A Russian tourist has been fined €20,000 (£15,800) for carving his initial into the Colosseum in Rome.
The 42-year-old tourist reportedly used a stone to carve the 10-inch letter 'K' into a wall inside the amphitheatre, and was caught in the act by a guard.
He was arrested and given the hefty fine, as well as a four-month suspended prison sentence.
According to the Guardian, the director of the Colosseum, Rossella Rea, said the fine was justified as the visitor had damaged "a magnificent and symbolic monument".
She added: "You cannot write on a historic wall, it's absolutely forbidden."
The Daily Telegraph reports that union leaders in Rome have urged authorities to hire more security personnel to monitor the city's tourist buildings.

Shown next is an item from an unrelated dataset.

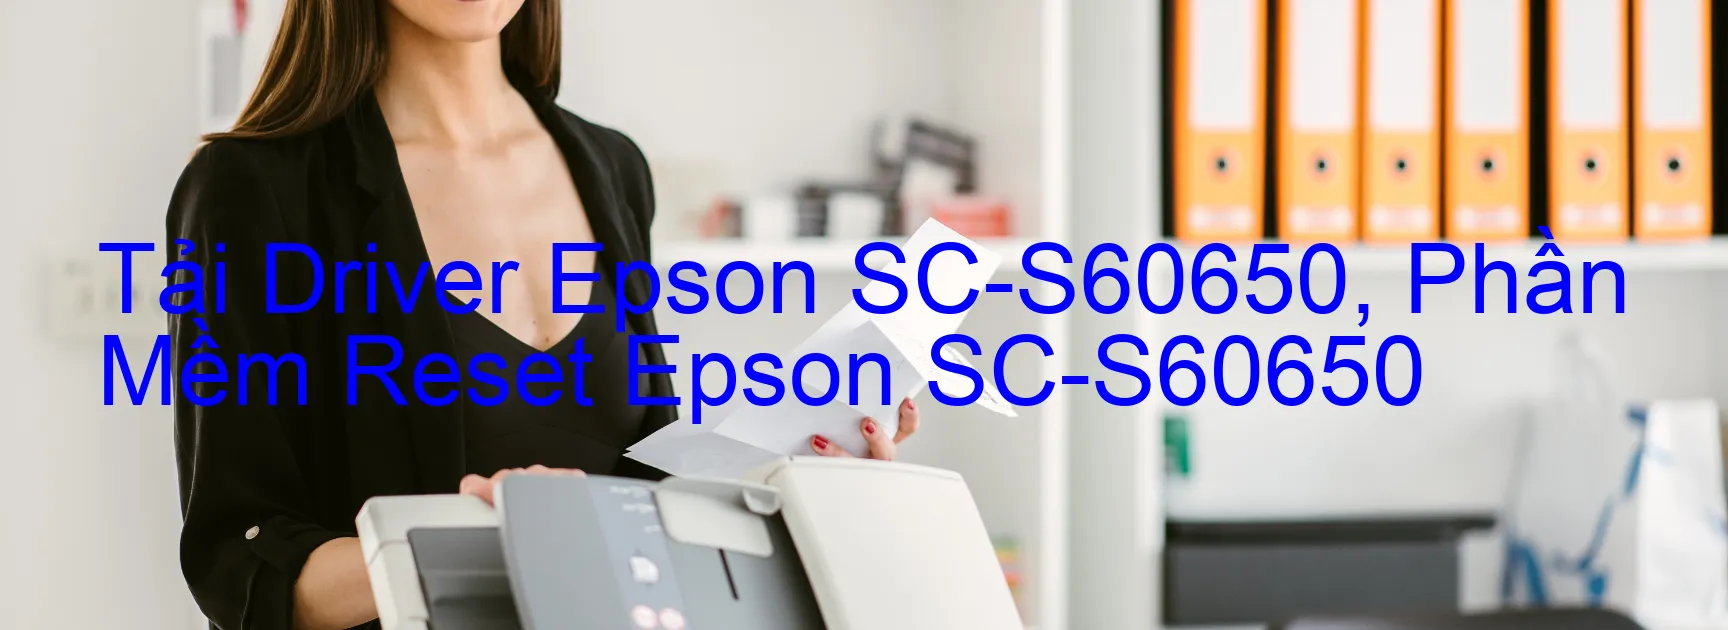 Driver Epson SC-S60650, Phần Mềm Reset Epson SC-S60650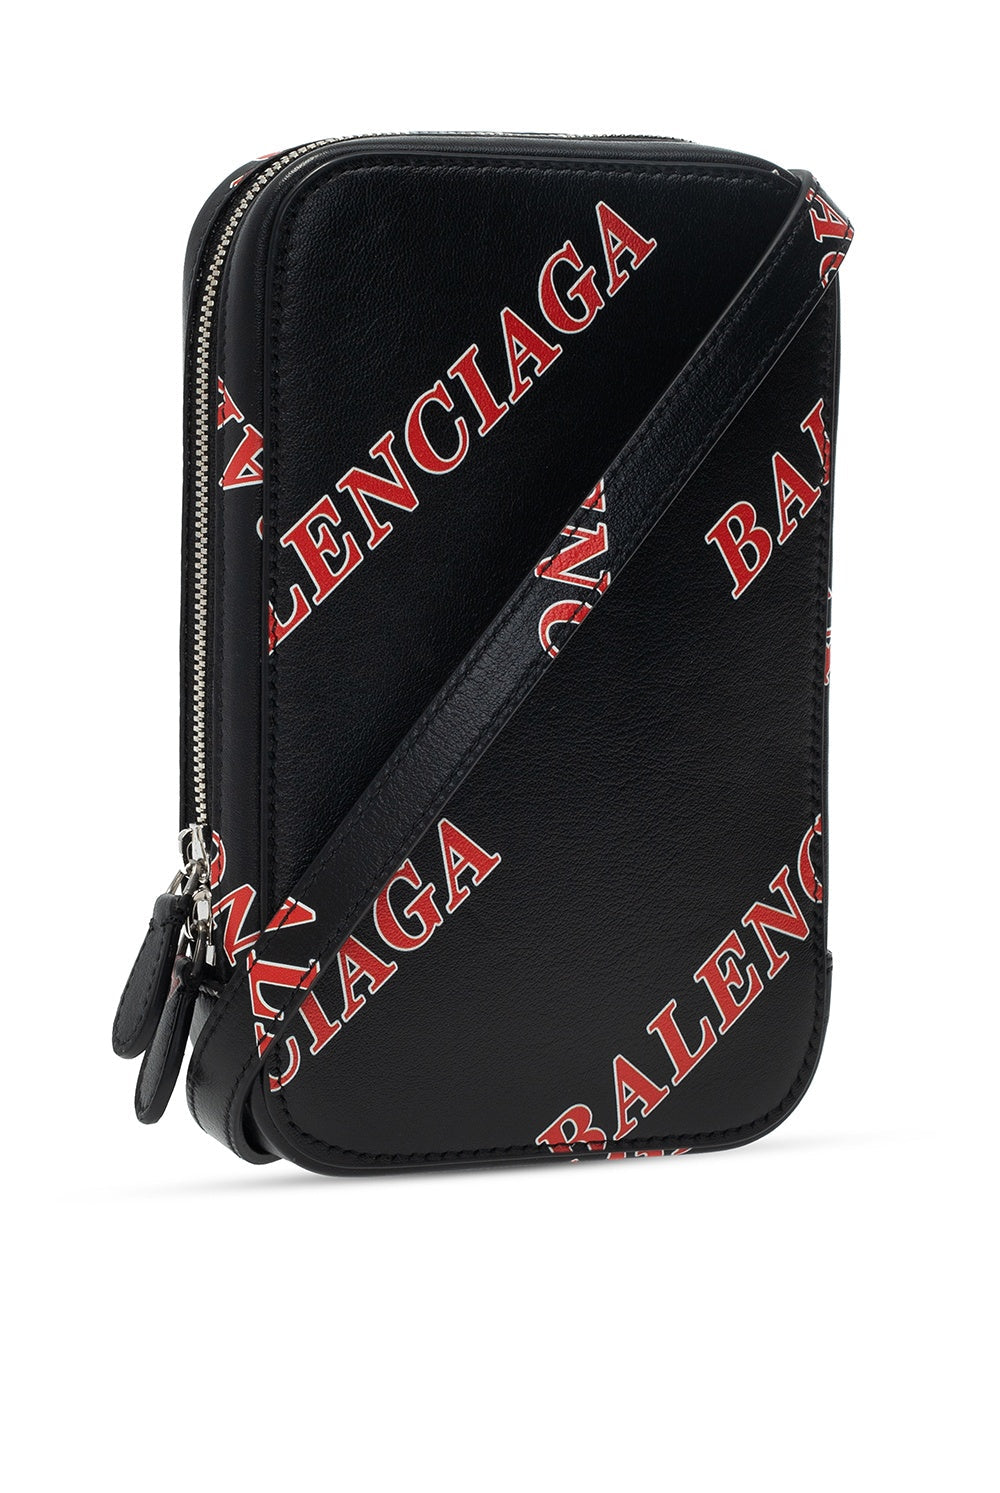 Balenciaga Black Calfskin Leather Sport Print Phone Holder Bag - LUXURYMRKT

Rea denied acts of vandalism were becoming more commonplace, noting that there has only been a handful of other incidents reported this year at the Colosseum, out of the six million people who visit the site every year.
According to the Daily Mail, this was the fifth act of vandalism recorded at the Colosseum this year, with the others being an Australian father and son, aged 45 and 12, who wrote their names on a wall, and two teenagers, one Canadian who tried to steal a brick, and a Brazilian prosecuted for similar offences.
Built of concrete and stone, it was the largest amphitheatre of the Roman Empire, and is considered one of the greatest works of Roman architecture and engineering, as well as beingthe largest amphitheatre in the world.
Construction began under the emperor Vespasian in 70 AD, and was completed in 80 AD under his successor and heir Titus.